Seeing as he wasn’t using it, I borrowed Cuz’s copy of The Ticker. In the fiscal quarter since the Wheaton Academy’s inception, employment in Dickens was up an eighth. Housing prices had risen three-eighths. Even graduation rates were up a quarter. Finally, black people were in the black. And though it was still early in the social experiment and the sample size was relatively small, the numbers didn’t lie. For the past three months, since the Wheaton Academy went up, the students at Chaff Middle School were performing considerably better. Not that anyone was going to be skipping any grades or putting in an appearance on Who Wants to Be a Millionaire anytime soon, but on average, the scores on the state proficiency exams were approaching, if not mastery, a promising competency. And as near as I could make out from the state guidelines, the improvement was such that, in all likelihood, the school would not be going into receivership, at least not anytime soon.
After the reading was over, Foy strode to the front of the room, clapping like an enthusiastic child at his first puppet show. “I’d like to thank Mr. McJones for that stimulating reading, but before we get into this afternoon’s subject matter, I have an announcement. The first is that my latest public-access show, Black Checker, has been canceled. The second is that, as many of you may know, a new battle has begun, and the enemy dreadnought is right here offshore in the form of the Wheaton Academy, which is an all-white school. Now, I have friends in high places, and they all deny the existence of the Wheaton Academy. But fret not, I have developed a secret weapon.” Foy dumped the contents of his attaché case onto the nearest table, a new book. Two people immediately got up and left. I wanted to join them, but remembered I was there for a reason, and part of me was insanely curious as to what American classic Foy would bastardize next. Before passing it around the room, Foy coyly showed the book to Jon McJones, who shot back a look that said, “Nigger, you sure you want to unleash this shit on the world?” When it reached the back, King Cuz handed it off to me without even looking at it, and as soon as I read the title, I didn’t want to let go. The Adventures of Tom Soarer. It dawned on me that Foy’s written works were Black Folk(s) Art and were going to be worth something one day. I was beginning to regret the book burning thing and that I hadn’t started a collection, because I’d spent the past ten years looking down my broad black nose at probably now-impossible-to-find first-and-only-edition titles like The Old Black Man and the Inflatable Winnie the Pooh Swimming Pool, Measured Expectations, Middlemarch Middle of April, I’ll Have Your Money—I Swear.
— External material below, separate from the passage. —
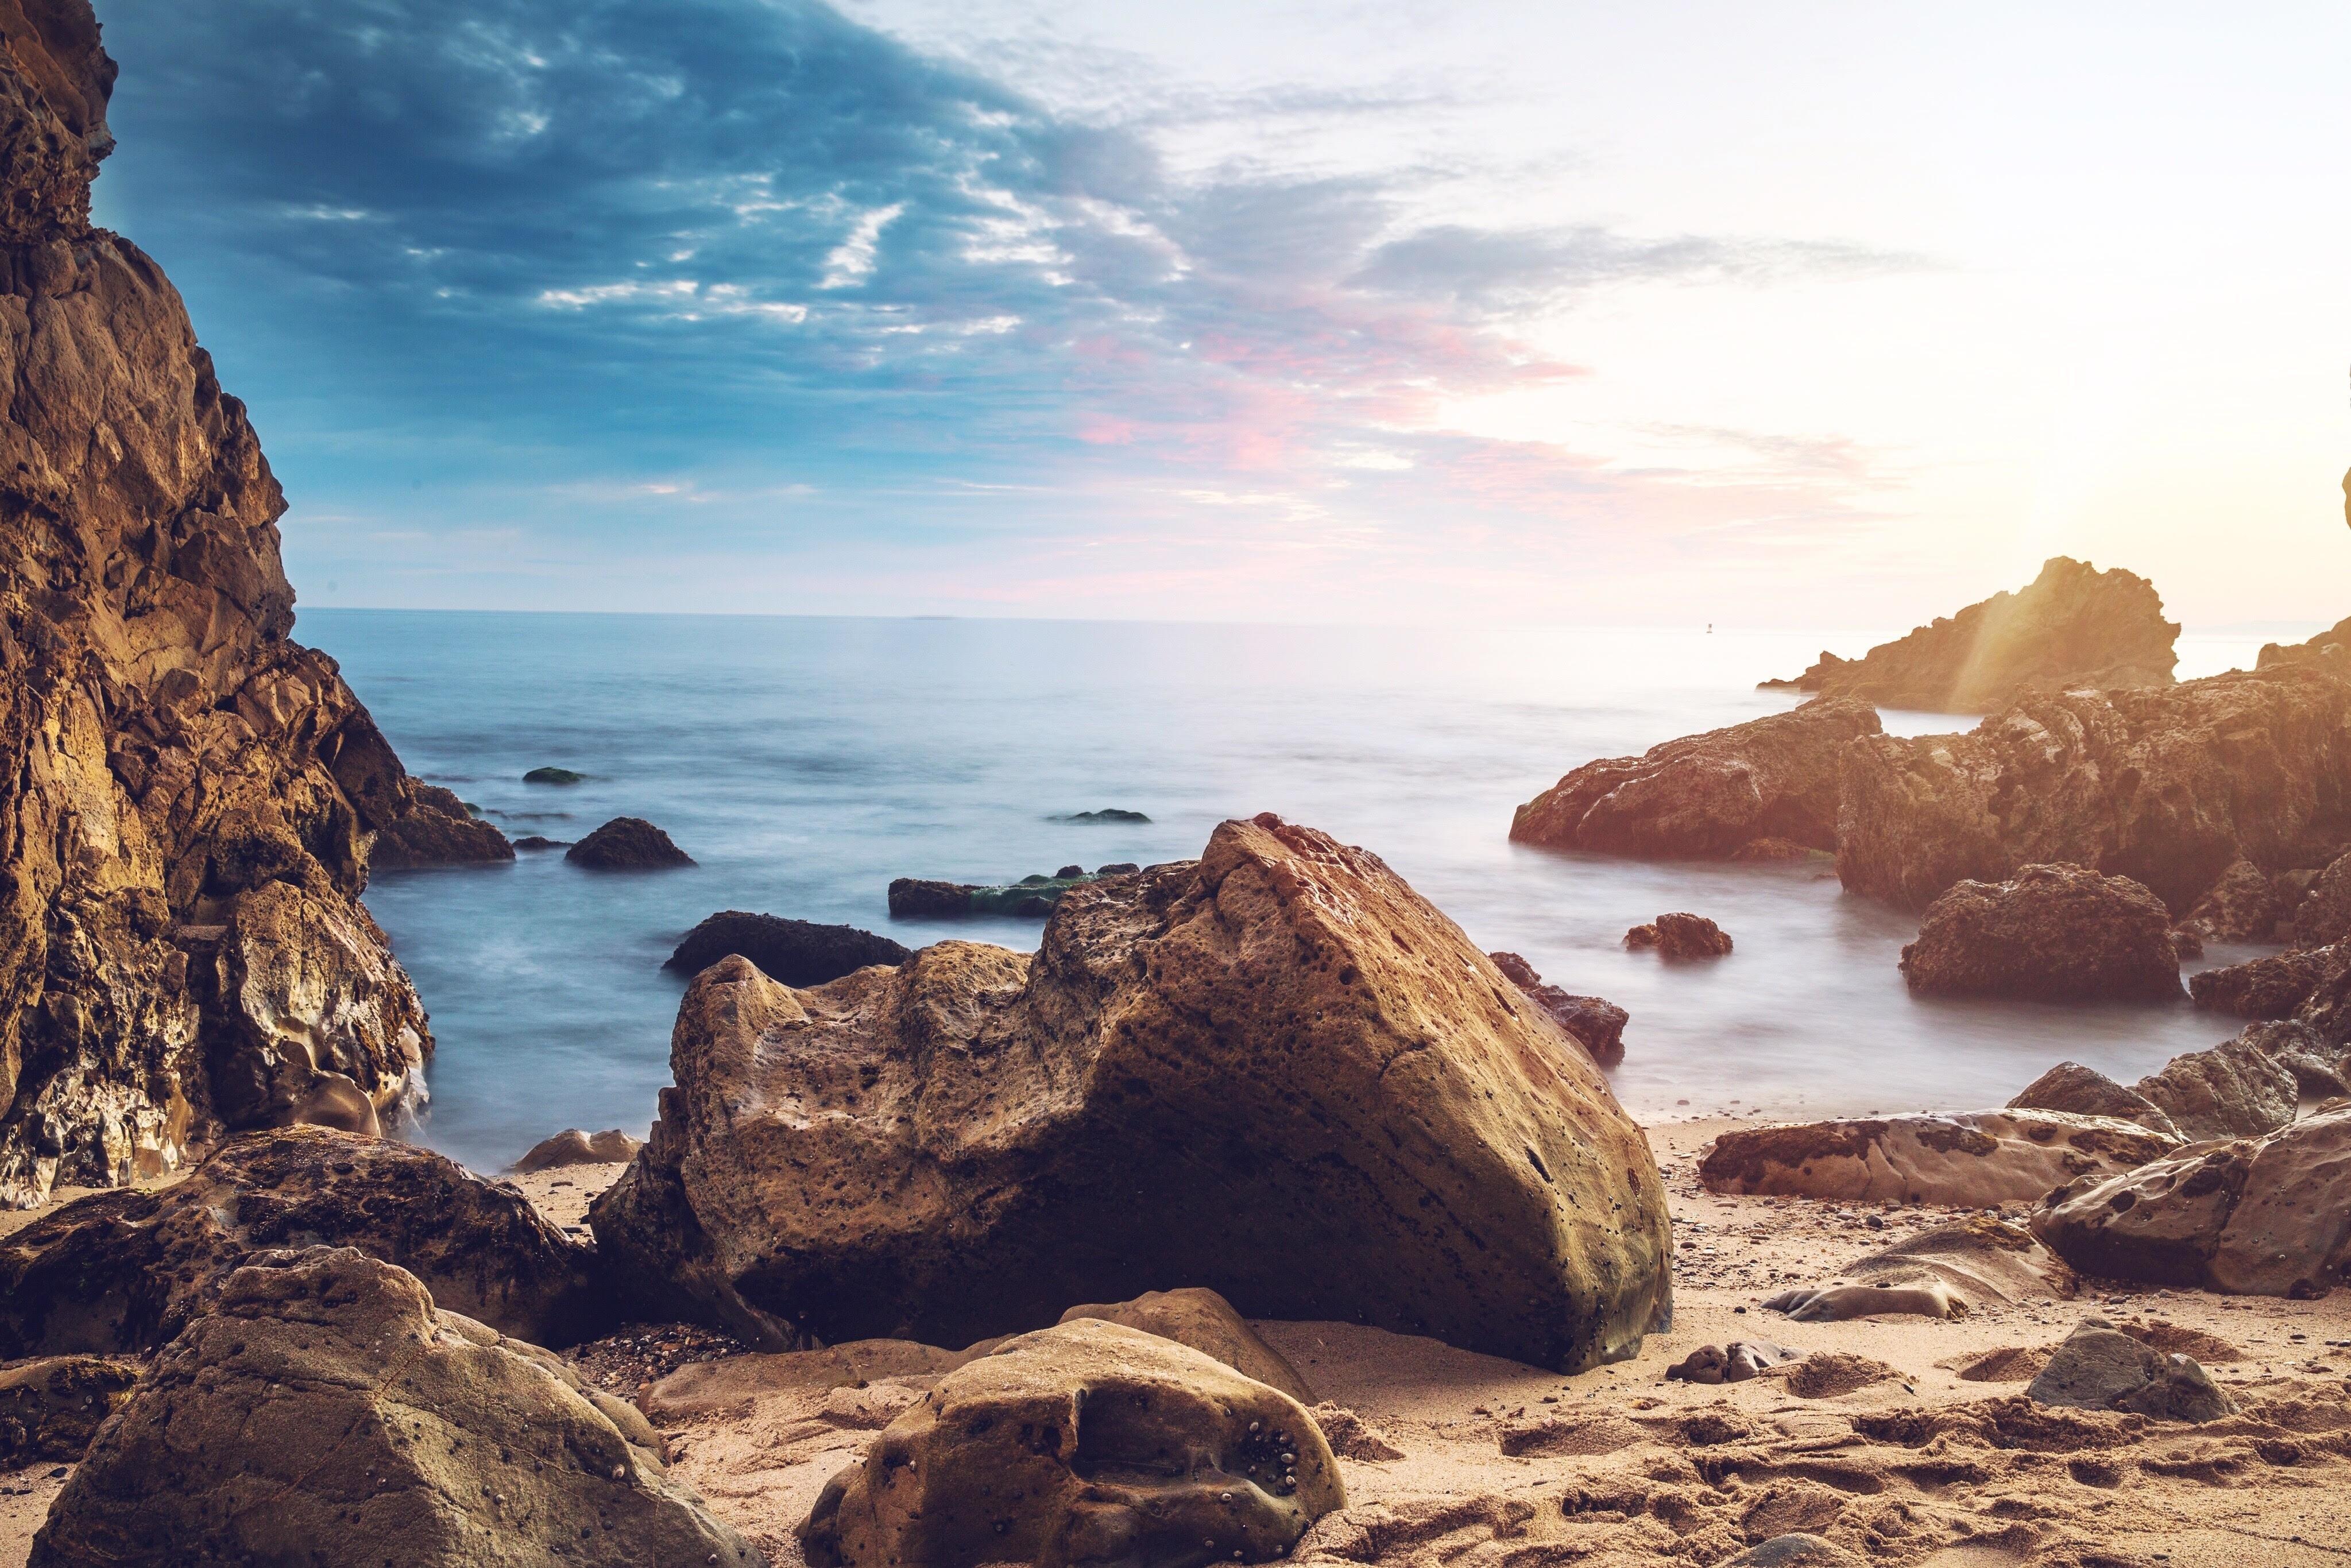 New 4k Rocky Beach Wallpaper | The Most Beautiful Beach Wallpapers ...

On the cover of Tom Soarer, a preppy black boy, wearing penny loafers and argyle socks exposed by a pair of flooding whale-print lime-green pants, and armed with a bucket of whitewash, stood bravely in front of a wall splashed in gang graffiti, while a pack of ragamuffin hoodlums looked on menacingly.
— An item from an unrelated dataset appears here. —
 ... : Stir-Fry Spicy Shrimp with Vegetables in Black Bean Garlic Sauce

When Foy snatched Tom Soarer from my hands, it felt like I’d fumbled away a game-winning touchdown catch. “This book, I’m not ashamed to say, is a WME, a Weapon of Mass Education!” Unable to contain his excitement, Foy’s voice rose two octaves and took on a Hitlerian fervor. “And just as he inspired me, the character of Tom Soarer will galvanize a nation to whitewash that fence! To cover up those frightful images of racial segregation that the Wheaton Academy represents. Who’s with me?” Foy pointed at the front door. “I know these great African-American heroes are down with the cause…” Legally, I’m not allowed to say who Foy name-dropped, because when I turned my head toward what I thought would be Foy’s invisible hallucinations, standing in the Dum Dum Donuts doorway were three of the world’s most famous living African-Americans, the noted TV family man _ i _ _ _ _ _ b _ and the Negro diplomats _ o _ _ _ _ o _ _ _ and _ _ n _ _ _ e e _ _ _ _ _ c _. Sensing the Dum Dum Donut Intellectuals were dying, Foy had pulled out all the stops and called in who knows what favors. Somewhat surprised the crowd was so small, the three superstars cautiously sat down and, to their credit, ordered coffee and bear claws and participated in the meeting, most of which was spent with Jon McJones regurgitating the usual Republican Party bullshit that a child born into slavery in 1860 was more likely to be raised in a two-parent household than was a baby born after the election of the U.S.A.’s first African-American president. McJones was a snobby Negro who covered up his self-hatred with libertarianism; I at least had the good sense to wear mine on my sleeve. He went on to cite statistics that, even if true, were completely meaningless when you consider the simple fact that slaves were slaves. That a two-parent antebellum household wasn’t necessarily a bond of love but a forced coupling. He didn’t mention that some two-parent slave marriages were between sister and brother, mother and son. Or that, during slavery, divorce wasn’t really an option. There was no “I’m going out for cigarettes” and never coming back. What about all the two-parent households that were childless because their kids had been sold off to who knows where? As a modern-day slave owner, I was insulted that the venerated institution of slavery was not given the viciousness and cruelty which it was due.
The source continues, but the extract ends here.